Сечин довольно осклабился.
– Такие, как вы, полковник, никогда не обойдутся без таких, как я. Кто-то же должен выполнять грязную работу. В Абиссинии мы использовали для этого туземцев. Зачем вам сдался этот профессор?
Тетерин нервно пошевелил пальцами.
– Он нужен Пастеровскому институту. Французы готовы платить золотом. Это и в ваших интересах, Сечин. Ведь вы хотите вновь увидеть свою Африку?
– Давайте обойдемся без иронии, – сухо сказал Сечин. – Я же не спрашиваю, зачем вам французское золото.
Тетерин раздражился.
– Вам никогда не понять этого! Есть люди, которым небезразлична судьба Отечества. Есть, наконец, долг и честь. Для вас это пустые звуки, у вас нет Родины, вы ее предали.

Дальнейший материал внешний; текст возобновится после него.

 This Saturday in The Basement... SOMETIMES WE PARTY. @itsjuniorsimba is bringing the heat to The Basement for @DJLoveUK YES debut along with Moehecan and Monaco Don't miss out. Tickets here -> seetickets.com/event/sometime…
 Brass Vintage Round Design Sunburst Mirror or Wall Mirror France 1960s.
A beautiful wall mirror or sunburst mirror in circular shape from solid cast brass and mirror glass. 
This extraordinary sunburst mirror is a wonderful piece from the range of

– О да! – согласился Сечин. – Знали бы вы, полковник, что я предал, чтобы спасти вот эту шкуру, вы б не говорили о Родине. Валентин Павлович, дорогой, вы грезите. Вы грезите о том, чего давно нет. Очнитесь! Бросьте несбыточные мечты и отправимся со мной. Ей-богу, а? – Мысль захватила его. – Я обучу вас охотиться на обезьян. А какие там женщины!.. Ну что вы морщитесь? Все ваши белые барышни не стоят одной черной женщины.
– Вы фетишист, Сечин, – сказал Тетерин брезгливо. – И говорите об этом с такой откровенностью. Хорошо, мы переправим вас в Африку. Во Французскую Гвинею. Но сначала вы должны проникнуть в питомник. Войдите к профессору в доверие. Добудьте бумаги. Не мне же вам объяснять. Обещаю вам, как только вы сделаете это, я договорюсь о вашей переправке в Конакри и снабжу вас рекомендательными письмами к генерал-губернатору Карде.

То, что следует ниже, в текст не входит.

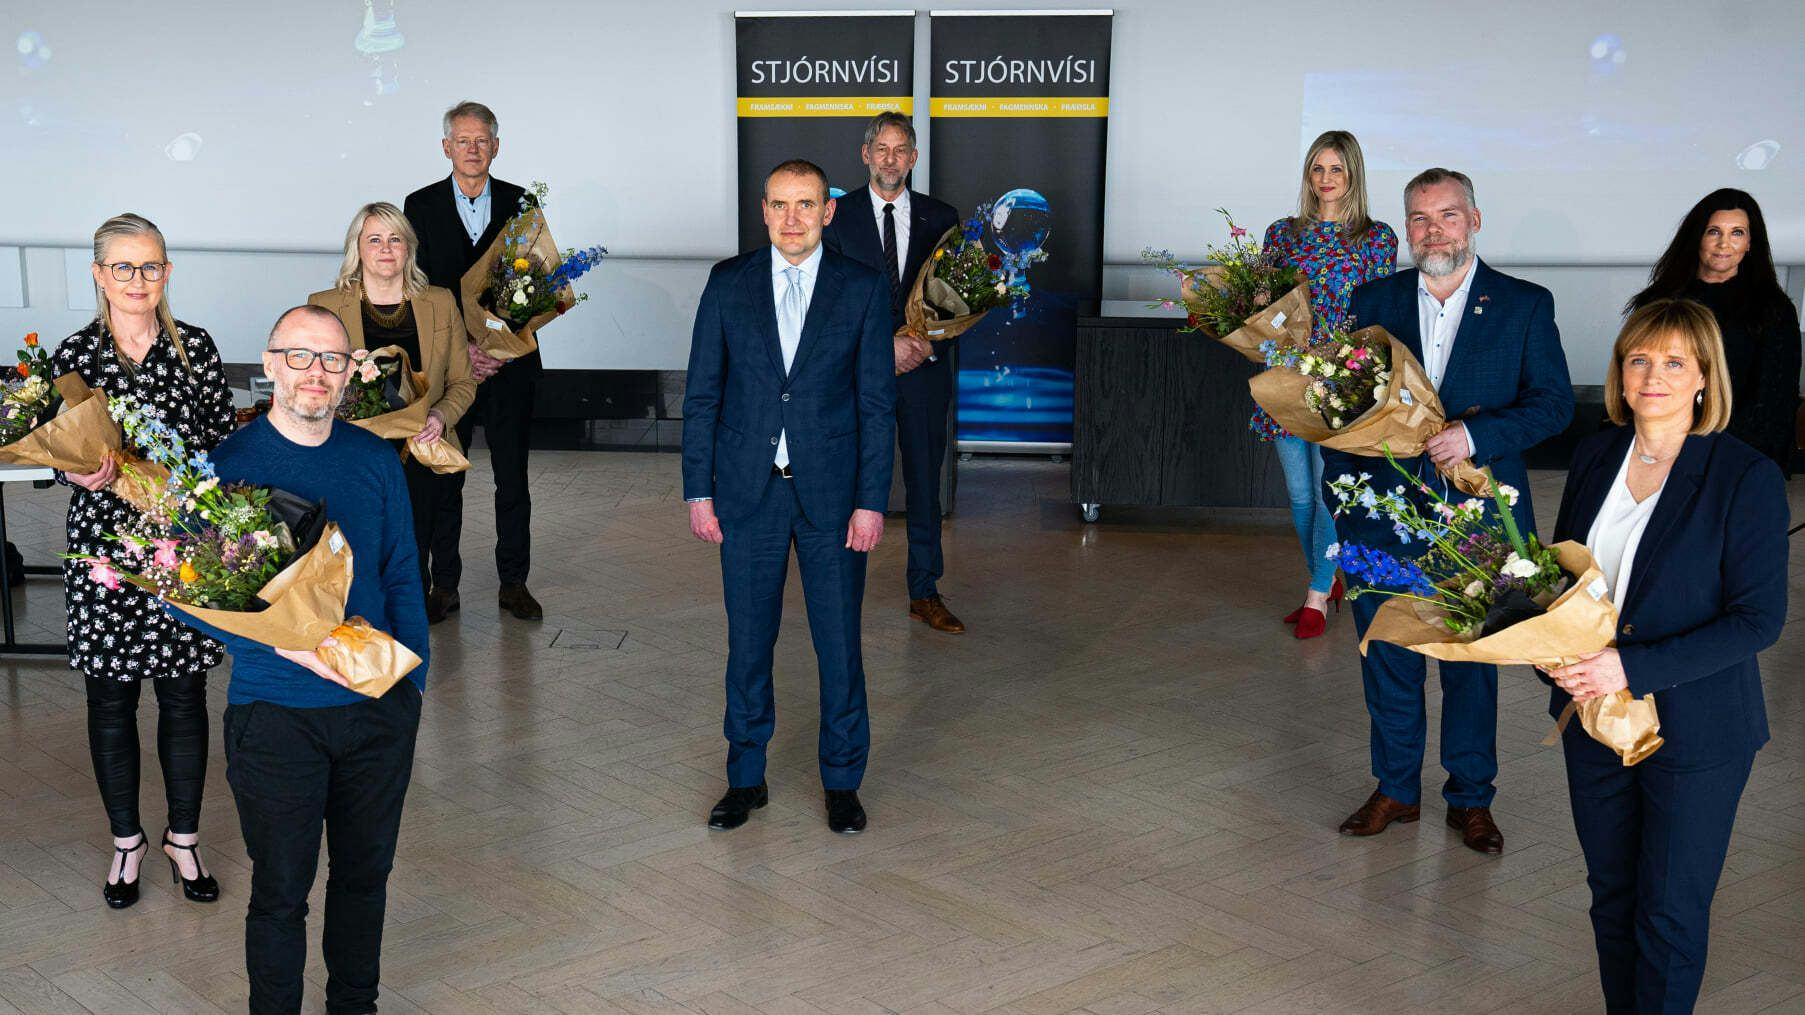 A group of ten individuals, each holding a bouquet of flowers, standing in a room with a backdrop that reads "Stjórnvísi"

Сечин недоверчиво поглядел на него.
– Вы хоть скажите мне, чем он занимается, этот Ильин… Иванов? – с тоской спросил он.
– Илья Иванович Иванов, – уточнил Тетерин. – До войны подвизался в заповеднике Аскания-Нова у барона Фальц-Фейна. Теперь разводит обезьян на бывшей даче профессора Остроумова. Шимпанзе, резусов, на которых вы предлагаете мне охотиться.
– Я предпочитаю горилл, – сказал Сечин. – В Африке гориллы нападают на пигмеек и насилуют их.
– Так это правда? – с любопытством спросил Тетерин. – И как насчет потомства? Не удивляйтесь, что я спрашиваю об этом, – поспешно добавил он. – Это как раз имеет отношение к делу.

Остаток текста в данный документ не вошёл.